Он ушел, а я все сидел на кровати, пытаясь понять, что все это значит, и что делать лично мне?
Я поднялся, и просто пошел на улицу, на задний двор. Я смотрел на дерево, не очень понимая, почему я сюда пришел. Я просто смотрел на камни с засохшей на них кровью и мой детский ум не мог тогда осознать насколько все серьезно. Воробьи все так же сидели на ветках, трещали свои песни и для них этот день ничем не отличался от вчерашнего, и ничем отличаться от завтрашнего не будет. Как им повезло, подумал я.
— Вот ты где!
Я повернулся и увидел, что ко мне, добродушно улыбаясь, ковыляет бабушка Катя. Она была очень старой, кто-то даже, може, сказал бы, что он была ветхой, однако двигалась бабуля быстро.
— Господи ты боже мой! — воскликнула она, увидев кровь на камнях. — Пойдем отсюда, деточка! Нечего смотреть на этот кошмар.
Я не возражал.
Потом я сидел, смотрел телевизор, а бабуля что-то лепила на кухне, время от времени бросая на меня сочувствующие взгляды. Я старался не обращать на нее внимания. По телевизору шла передача о каких-то гусях, которые жили на высоких горах. Показывали, как маленькие гусята впервые спускались вниз. Они просто спрыгивали, надеясь, что выживут. Удивительно, но многие выживали. Я не знал, что об этом думать и как к этому относиться.
— Про природу смотришь? — спросила бабуля, немного отвлекаясь от своих дел.
— Ага. – ответил я и выключил телек.
Я ждал звонка. Но телефон молчал. Несколько раз я даже подходил к трубке, проверяя есть ли гудки. Все было в порядке. Потом я закрыл глаза и тихо прошептал: «Великий всемогущий бог, если ты слышишь меня, то, пожалуйста, сделай так, чтобы телефон зазвонил. Аминь». Открыв глаза, я стал ждать. По-прежнему ничего не происходило. Телефон оставался немым.
В какой-то момент, когда я сидел у телефона и ждал, мне вдруг захотелось рассказать бабуле об убитой ласточке…но я боялся.
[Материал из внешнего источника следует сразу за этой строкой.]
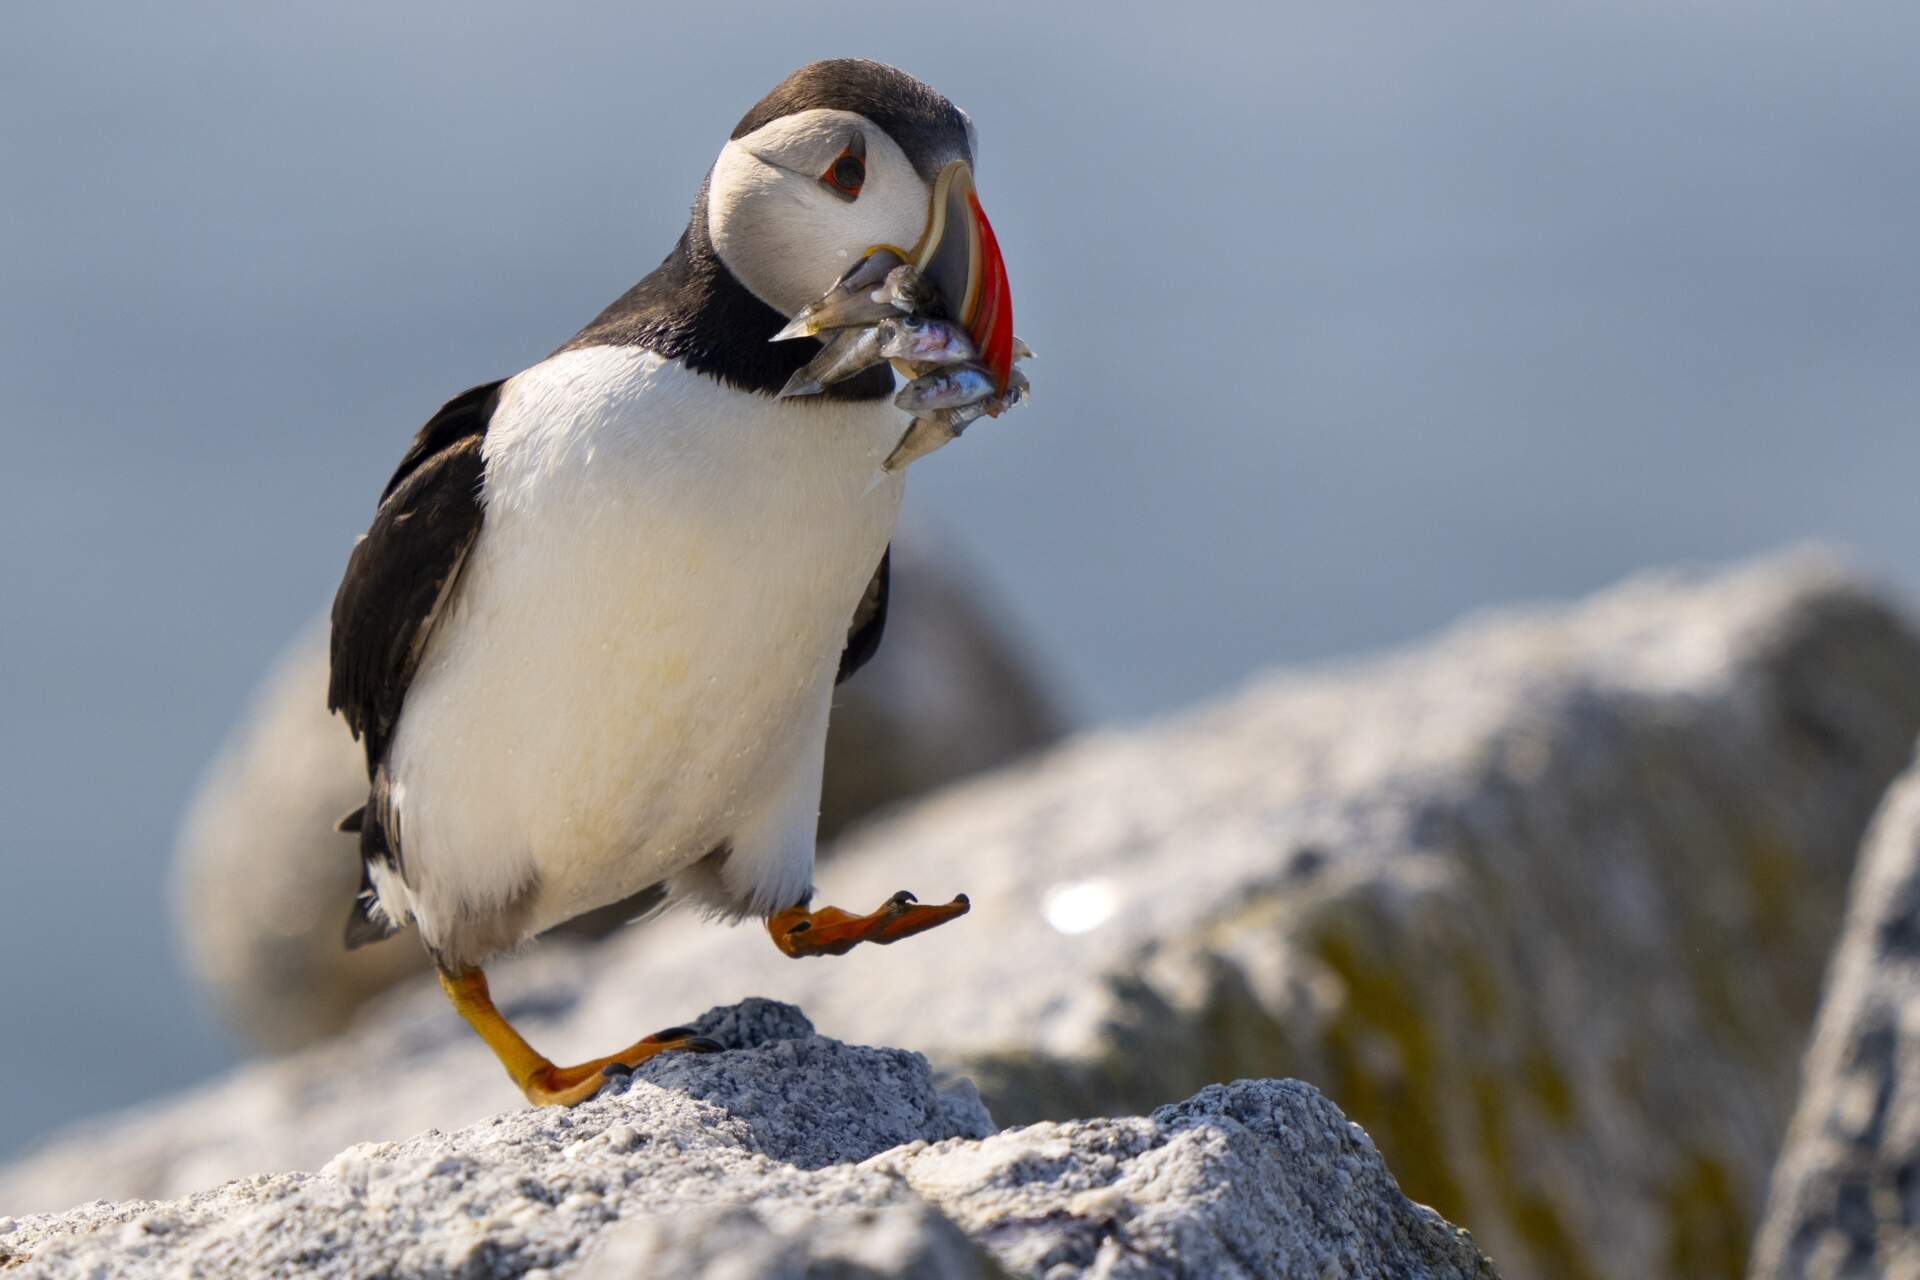 An Atlantic puffin brings a beak full of baitfish to feed its chick in a burrow under rocks on Eastern Egg Rock, a small island off mid-coast Maine. (Robert F. Bukaty/AP)
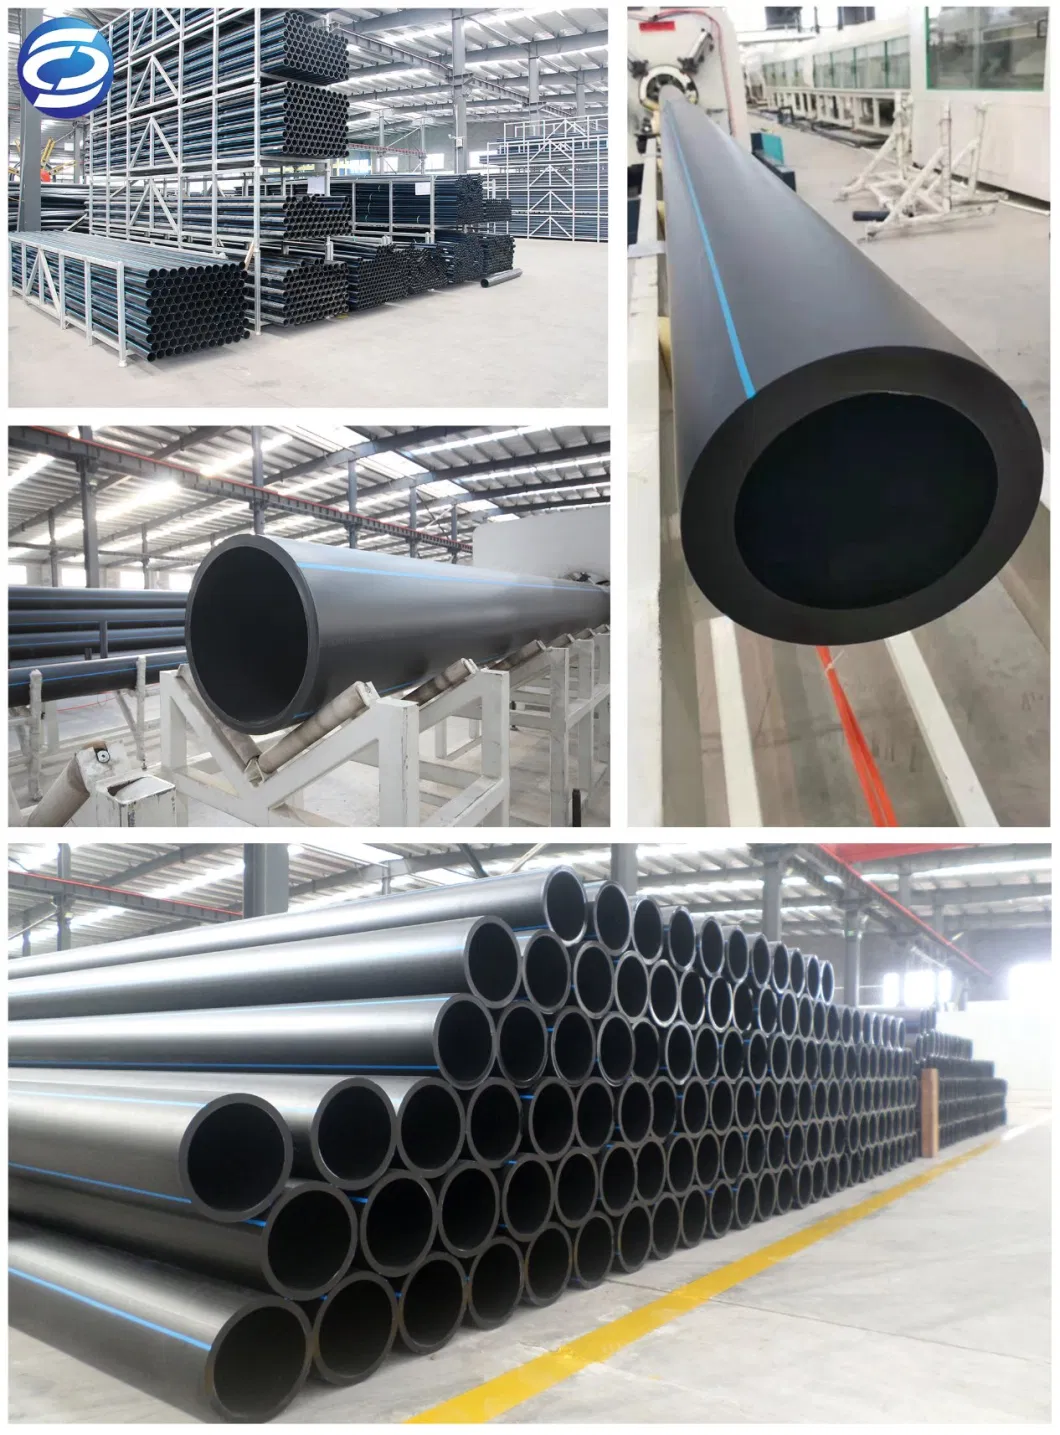 Black Plastic PE PVC UPVC MPVC HDPE Pipe for Building/Wire/Cable/Drainage/Fishing/Sprinkler/Agriculture Irrigation/Greenhouse

Боялся, что родители просто возненавидят меня. Поэтому я просто продолжил ждать звонка.
И сон опять стал неожиданностью.
Я сидел на деревянном мостике, разглядывая удивительный пейзаж, открывавшийся передо мной. Мост слегка покачивался, убаюкивая меня. И я лег спать во сне, а когда все-таки, ворочаясь, уснул, то открыл глаза и увидел мамино лицо. Она не сияла.
— Привет. — сказал я.
— Привет, сыночек.
Я хотел спросить, где папа и Макс, но передумал. Ей не очень хотелось говорить. Я посмотрел на кухню — бабуля исчезла.
— Сыночек, — вдруг произнесла она, — как это произошло?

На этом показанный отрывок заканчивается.